What is more, to hold the Cauchy-Schwarz inequality, the properties of inner product is important. I believe the Cauchy-Schwarz inequality is valid in a space which define a inner product whose definition is classical. In another word, if a space $V$ have been defined a inner product $(*,*)$ (say, a bilinear form that $V\times V\rightarrow W$) satisfy the following conditions:
- Commutative: $(x,y)=(y,x)$, $\forall x,y\in V$ (If V is a complex space, the right hand side should be dual. But for the sake of simplicity, we ignore it here.)
- Linearity: $(\alpha x+\beta y, z)=\alpha(x,z)+\beta(y,z)$, $\forall x,y,z\in V$ and $\alpha,\beta\in W$.
- Positive define: $(x,x)\geq0$, $\forall x\in V$. The equal sign is valid iff $x=0$ is valid where $0$ donate the zero element in $W$.
Then, by this definition, the Cauchy-Schwarz inequality is valid. The proof are as follow:
For $\forall\lambda\in W$ and $\forall x,y \in V$, we have:
\begin{equation}
0\leq (x+\lambda y,x+\lambda y)=(x,x)+2\lambda(x,y)+\lambda^2(y,y)
\end{equation}
If $y=0$, that is a trivial case and Cauchy-Schwarz inequality is valid obviously. If $y\neq 0$, let $\lambda=-(x,y)/(y,y)$ then we have:
\begin{equation}
0\leq(x,x)-2(x,y)^2/(y,y)+(x,y)^2/(y,y)^2(y,y)\\
(x,y)^2\leq (x,x)(y,y)
\end{equation}
This is the Cauchy-Schwarz inequality.
In fact, Cauchy-Schwarz inequality imply that the inner product of two elements is less than the their product of length because there is an angle between them.
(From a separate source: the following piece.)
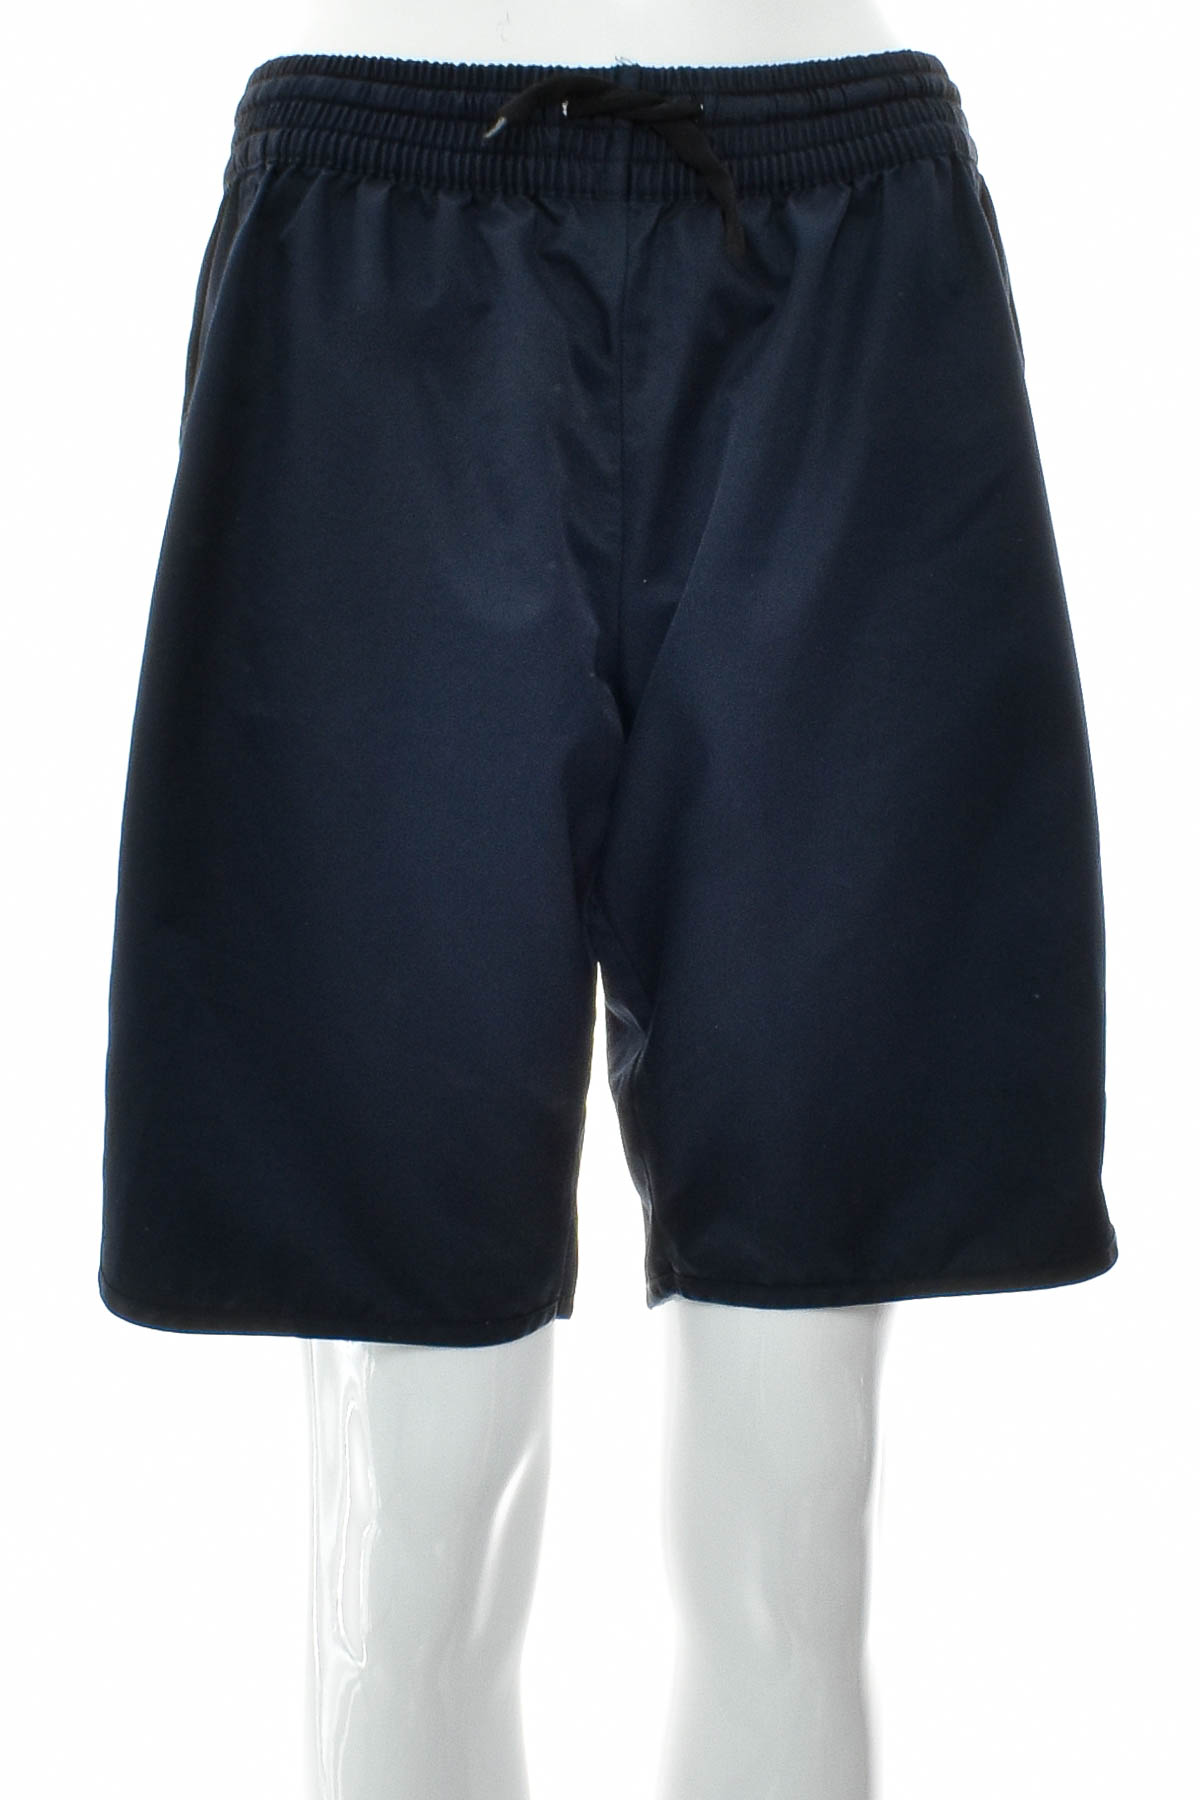 Women's shorts - Naypes - 0

And $W$ is a space to measure the inner product of $V$. So I think the conditions I assume at start is reasonable.
Best Answer
This is true even if $v\otimes v$ is singular, provided that you replace $(v\otimes v)^{-1}$ by the Moore-Penrose pseudo-inverse $(v\otimes v)^+$. For each integer $k$, let $U_k=\pmatrix{\sqrt{b_1}u_1&\sqrt{b_2}u_2&\cdots&\sqrt{b_k}u_k}$ and define $V_k$ analogously. Then $$ U_kU_k^T-U_kV_k^T(V_kV_k^T)^+V_kU_k^T =U_k\left[I_k-V_k^T(V_kV_k^T)^+V_k\right]U_k^T.\tag{1} $$ Since $I_k-V_k^T(V_kV_k^T)^+V_k$ is an orthogonal projection, both sides on $(1)$ are positive semidefinite. Pass $k$ to the limit, we obtain $u\otimes u-(u\otimes v)(v\otimes v)^+(v\otimes u)\succeq0$.